MATERIAL PROVIDED:

▬▬▬▬▬▬▬▬▬▬

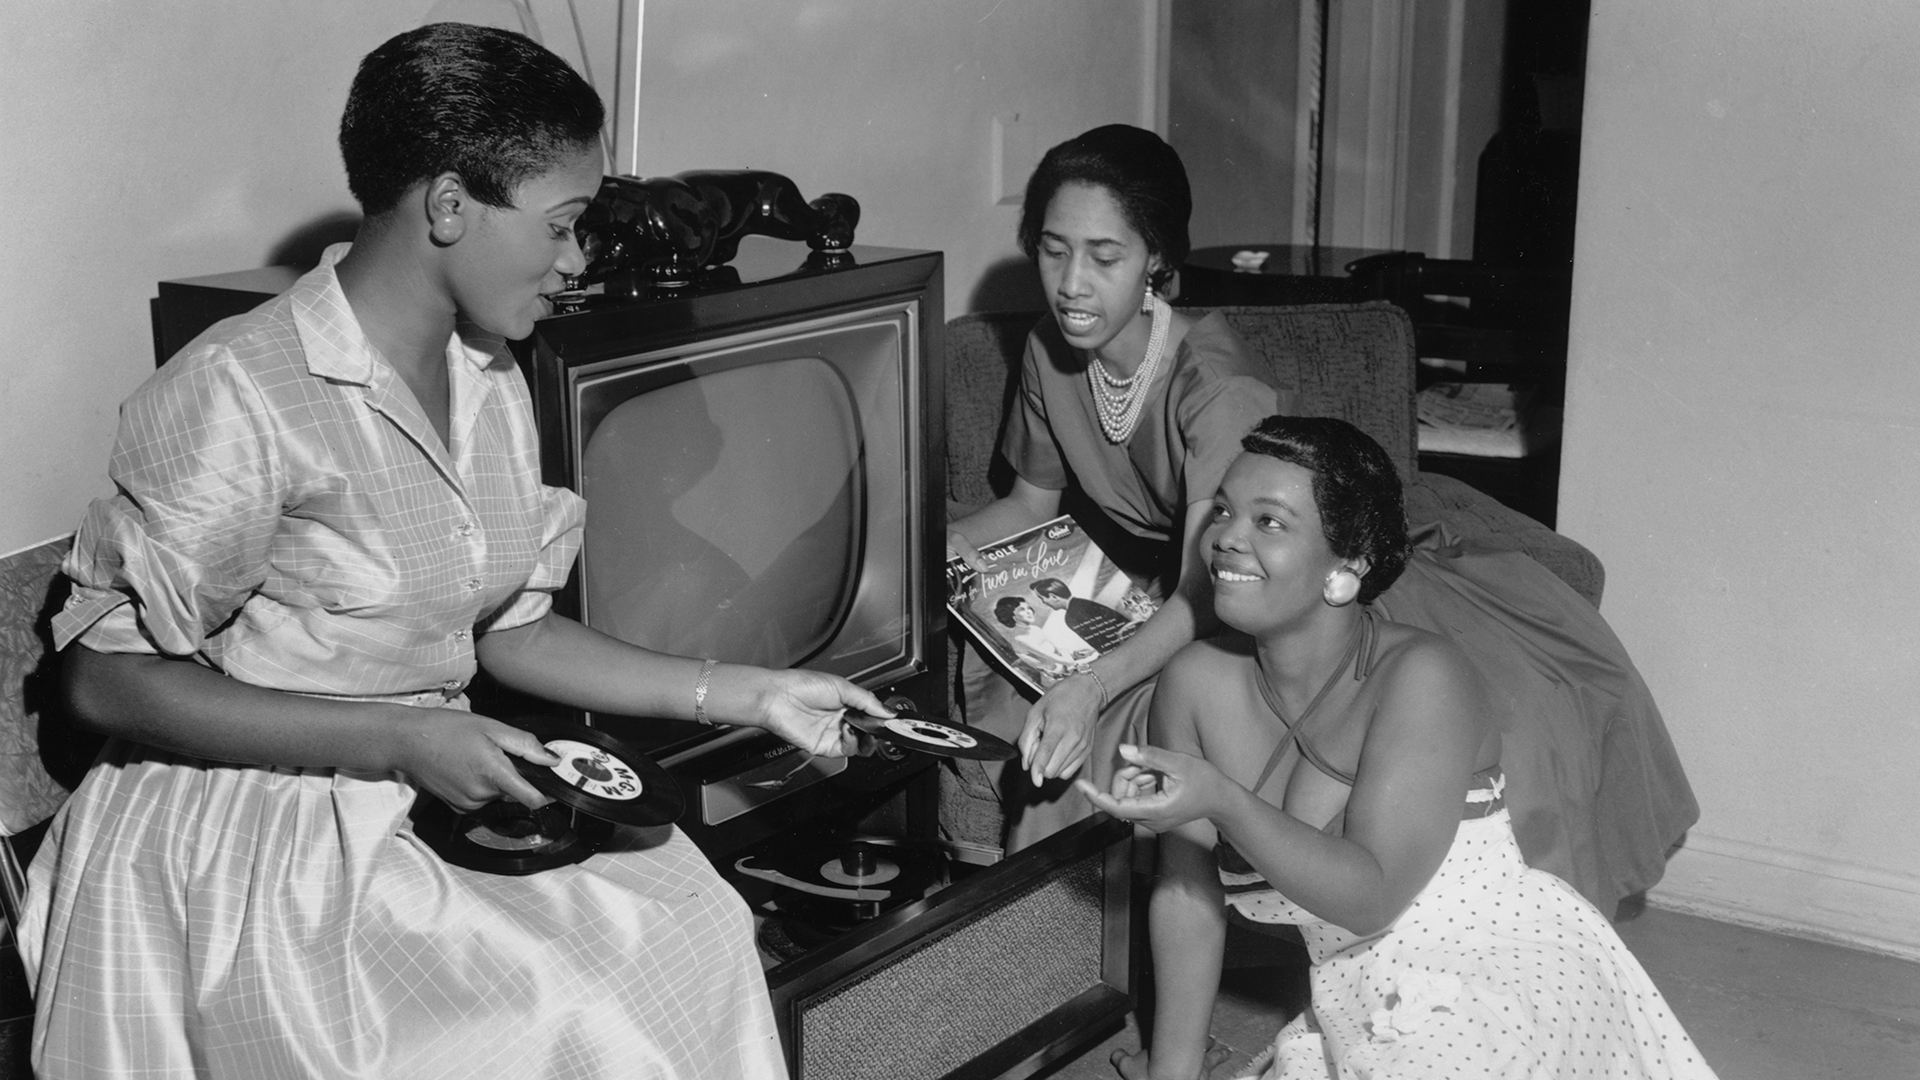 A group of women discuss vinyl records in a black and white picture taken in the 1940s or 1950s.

▬▬▬▬▬▬▬▬▬▬

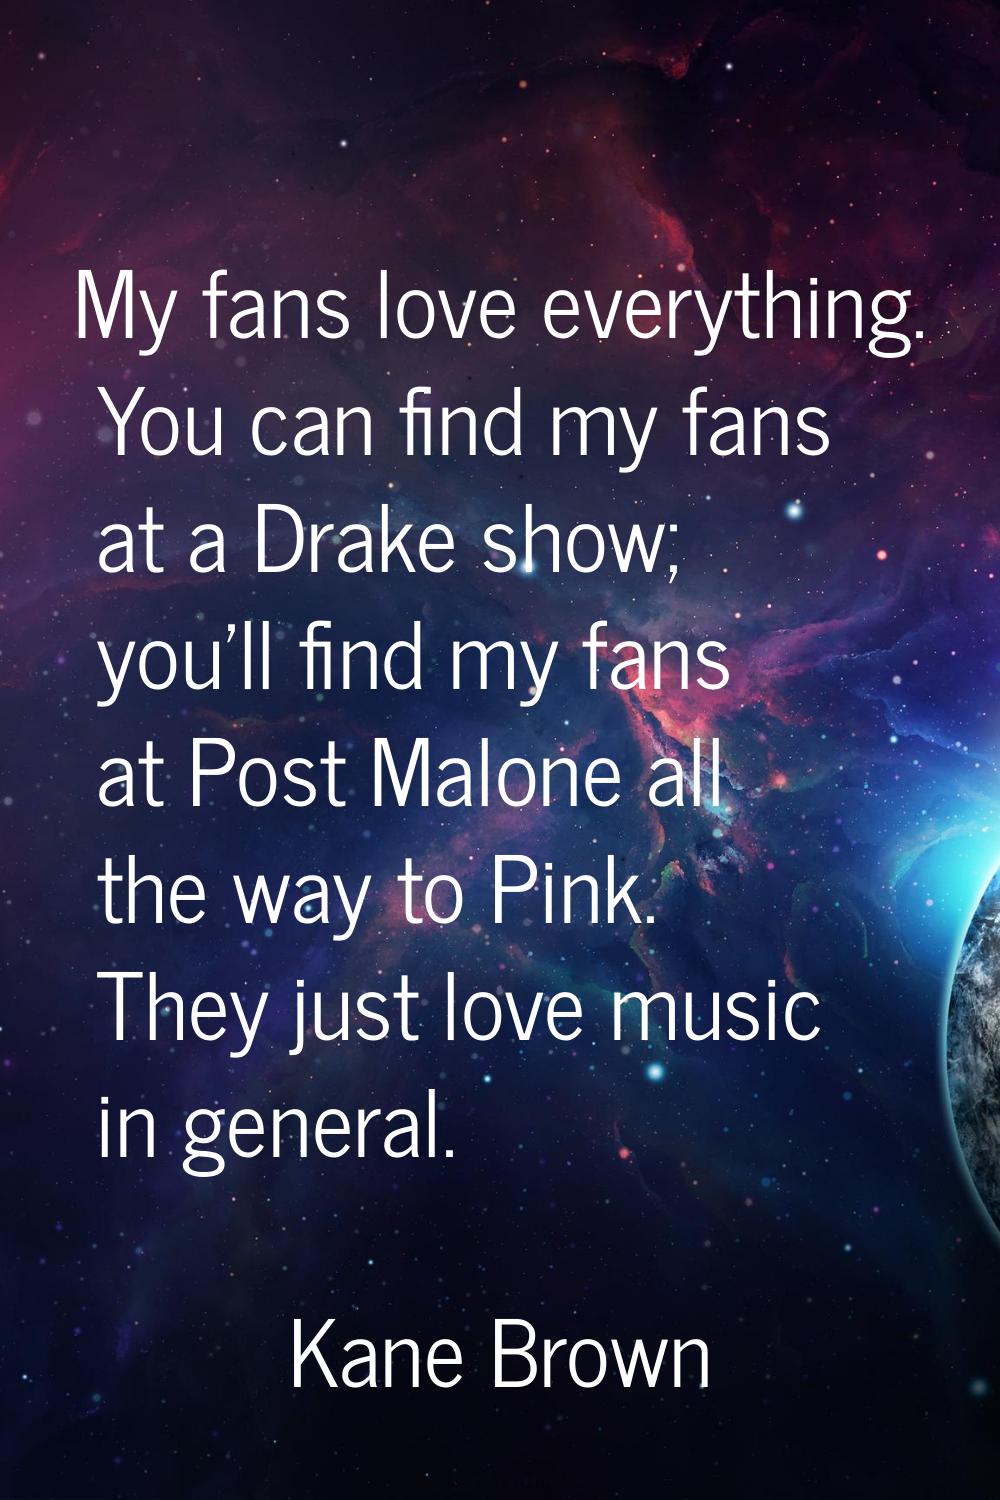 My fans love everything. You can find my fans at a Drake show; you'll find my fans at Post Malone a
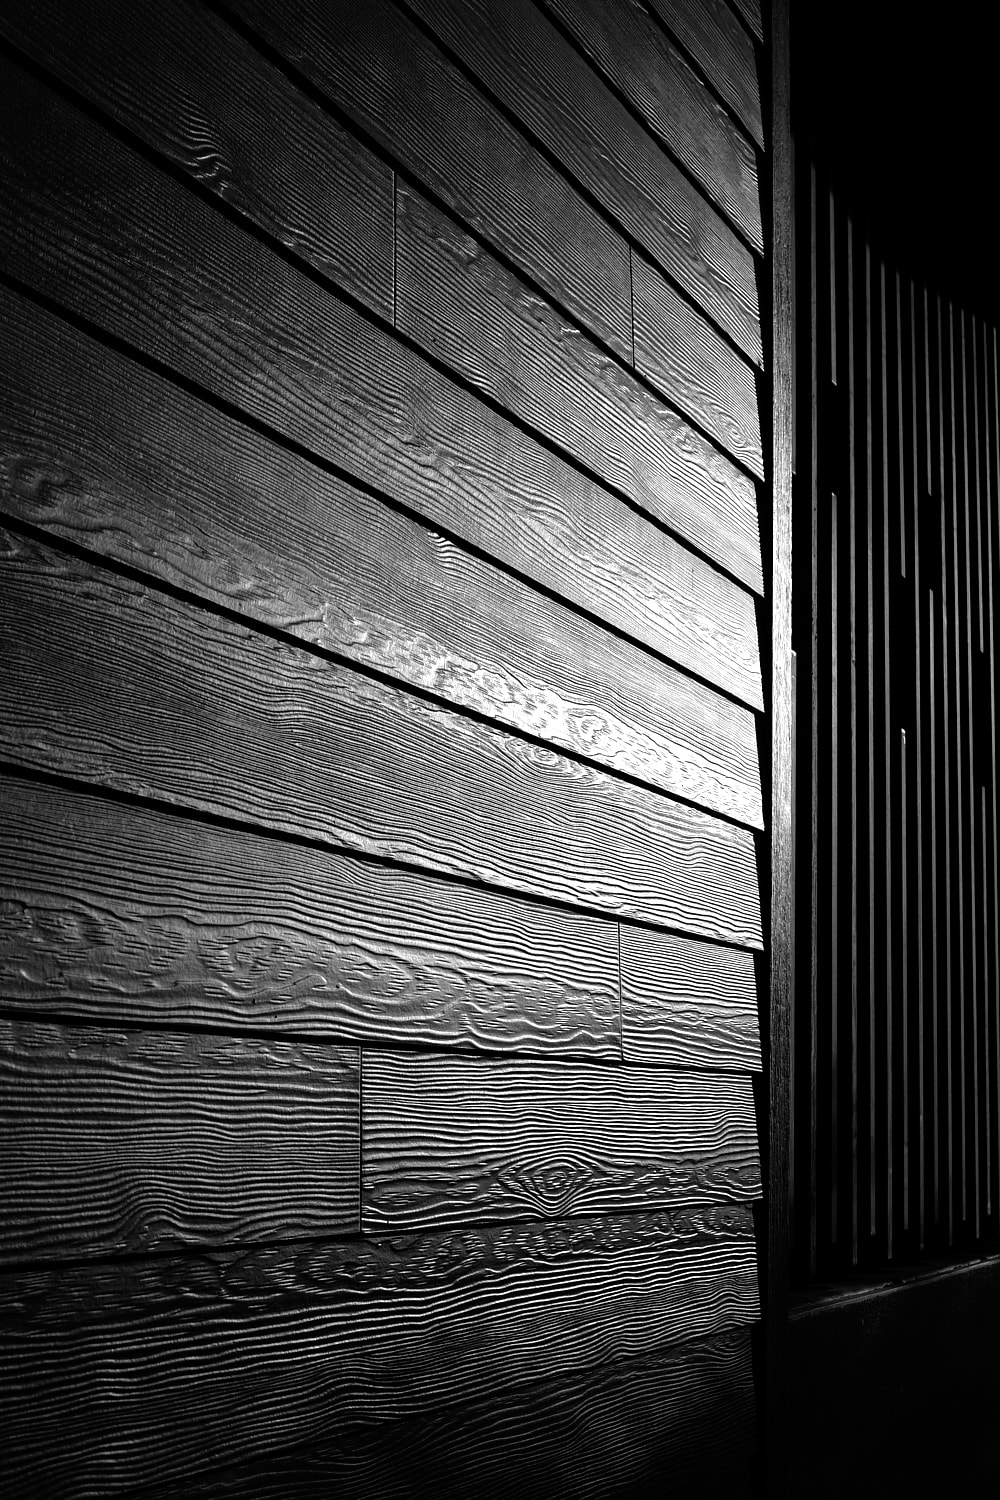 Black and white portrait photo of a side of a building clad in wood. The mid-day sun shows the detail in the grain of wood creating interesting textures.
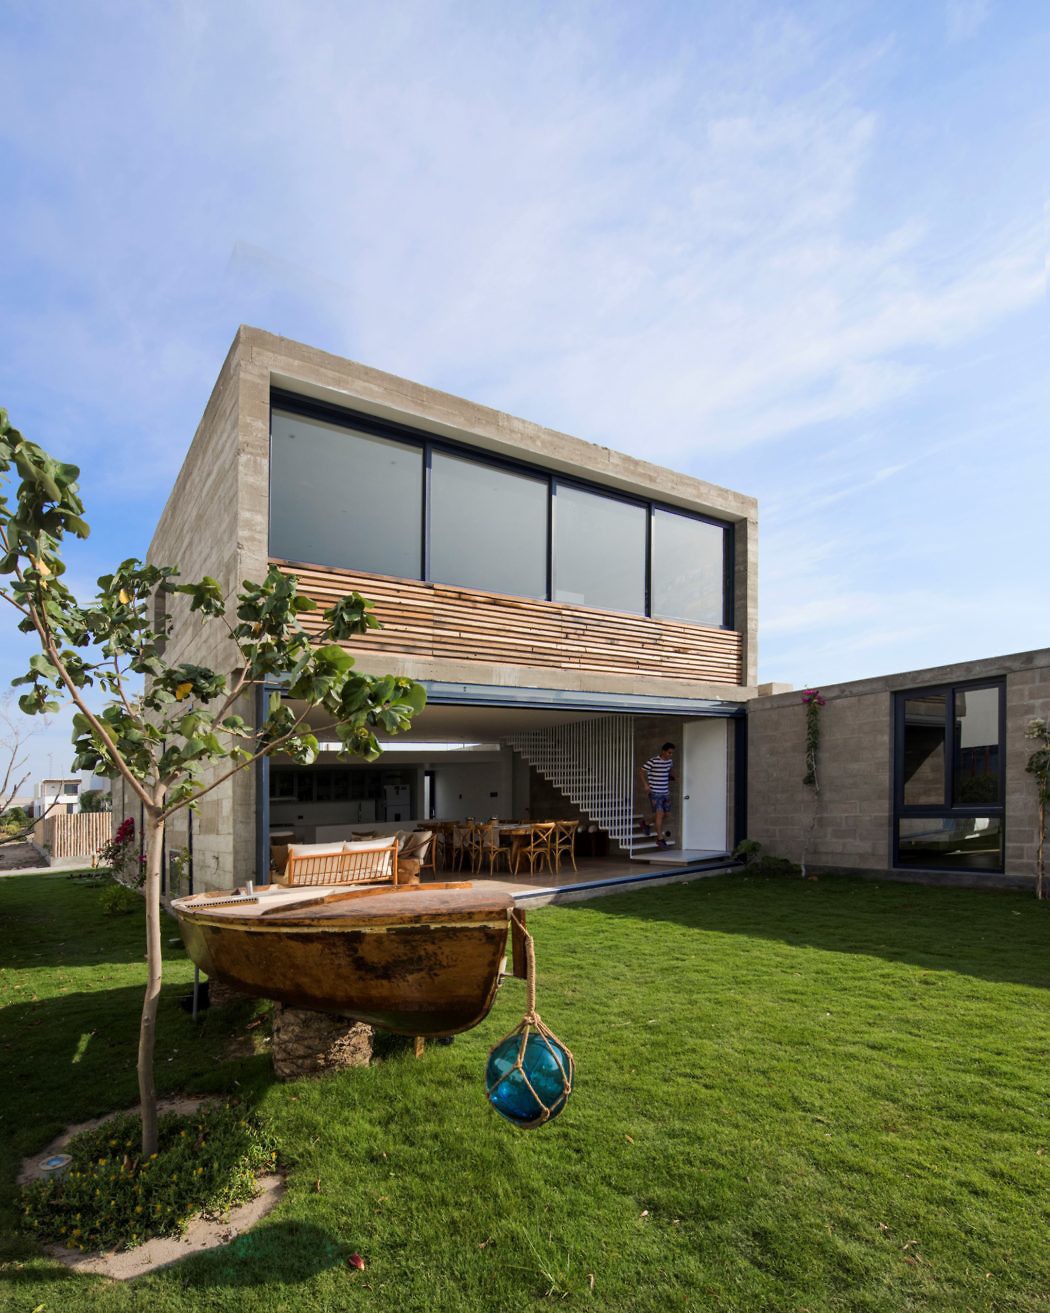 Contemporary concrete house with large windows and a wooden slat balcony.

▬▬▬▬▬▬▬▬▬▬

WORK TASK: Although pictures appear among the records above, write out exactly only the lines from the one that has "Black and white portrait" through the one that has "Contemporary concrete house", and leave the pictures out.

ANSWER TO THIS PROBLEM:
 Black and white portrait photo of a side of a building clad in wood. The mid-day sun shows the detail in the grain of wood creating interesting textures.
 Contemporary concrete house with large windows and a wooden slat balcony.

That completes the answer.